In a recent proof of concept MACT trial (Mono Antiplatelet and Colchicine Therapy), which enrolled 200 patients with ACS treated with drug-eluting stents in which aspirin was discontinued on the day after PCI and treated with colchicine in addition to ticagrelor or prasugrel maintenance therapy, found 2 patients (1%) with stent thrombosis (primary outcomes) at 3 months of follow up as well as favorable platelet function and inflammatory profiles [53]. This single-arm study showed a low rate of stent thrombosis but was limited by the small number of patients studied; further studies and larger trials are required to further test this pilot trial.
A pooled patient-level meta-analysis of 22,941 patients from five RCTs compared short-term DAPT (one to three months duration) followed by P2Y12 inhibitor monotherapy to standard DAPT therapy after complex PCI (defined as one of the following: 3 vessels treated, ≥3 stents implanted, ≥3 lesions treated, bifurcation with 2 stents implanted, total stent length >60 mm, or chronic total occlusion) and found similar fatal and ischemic events and significantly lower risk of major bleeding with short-term DAPT [54].
Thus, it seems that after a short duration of DAPT (1–3 months) there is likely no need to continue aspirin if P2Y12 inhibitor monotherapy is used, particularly in high bleeding risk patients. Based on the aforementioned trials, the 2023 ESC guidelines for the management of acute coronary syndromes recommend that single antiplatelet therapy (preferably with a P2Y12 receptor inhibitor) should be considered for patients who are event free after 3–6 months of DAPT and who are not at a high ischemic risk. The remaining clinically relevant questions include the following: Do we need the initial DAPT treatment phase? Can (or should) we omit the aspirin at all or at least shortly after PCI? These questions have not been investigated extensively in clinical trials.

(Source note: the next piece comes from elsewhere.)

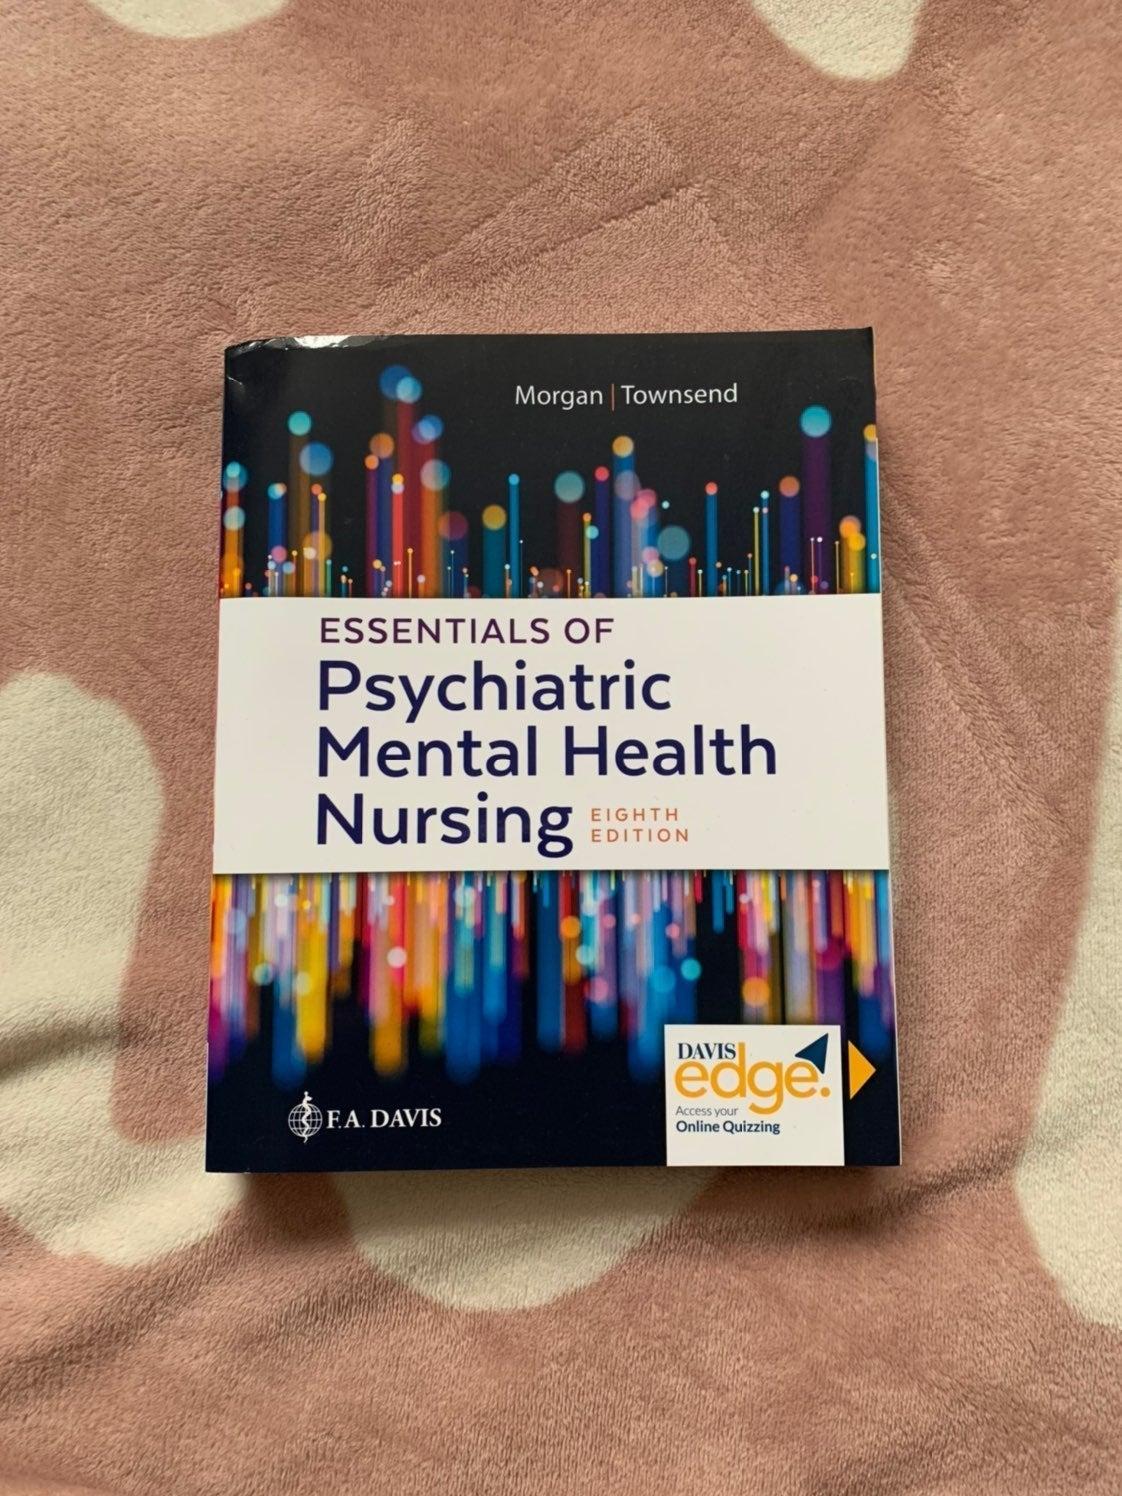 Essentials of Psychiatric Mental Health

2.4. Aspirin Use in Patients Undergoing CABG

The ACC/AHA 2021 guidelines for coronary artery revascularization recommended that, to reduce ischemic events, patients who are currently taking aspirin should continue to take aspirin until surgery is performed (COR 1, LOE B-R) [37]. However, these guidelines recommend against the initiation of aspirin prior to CABG in patients who are not taking aspirin (COR 3, LOE B-R) [37]. Aspirin should be administered within 6 h after CABG in doses of 100 to 325 mg daily, followed by indefinite maintenance therapy to reduce risk of graft occlusion and adverse cardiac events (COR 1, LOE A) [37,55].
One of the first double-blind placebo-controlled trials studied 407 patients randomized to either dipyridamole (initiated two days prior to CABG) and aspirin (initiated 7 h after CABG) or to placebo. The study reported a significantly lower venous graft occlusion at one month after CABG with dipyridamole and aspirin combined compared to placebo (3% vs. 10%, p < 0.001) [56].

2.5. Contribution of P2Y12 Inhibitor Use

2.5.1. Primary Prevention

There is paucity of data on the role of P2Y12 inhibitors versus placebo or aspirin for primary prevention. In the quest for better and safer therapy, there is a need to assess the safety and efficacy of P2Y12 inhibitors use for primary prevention in comparison with aspirin.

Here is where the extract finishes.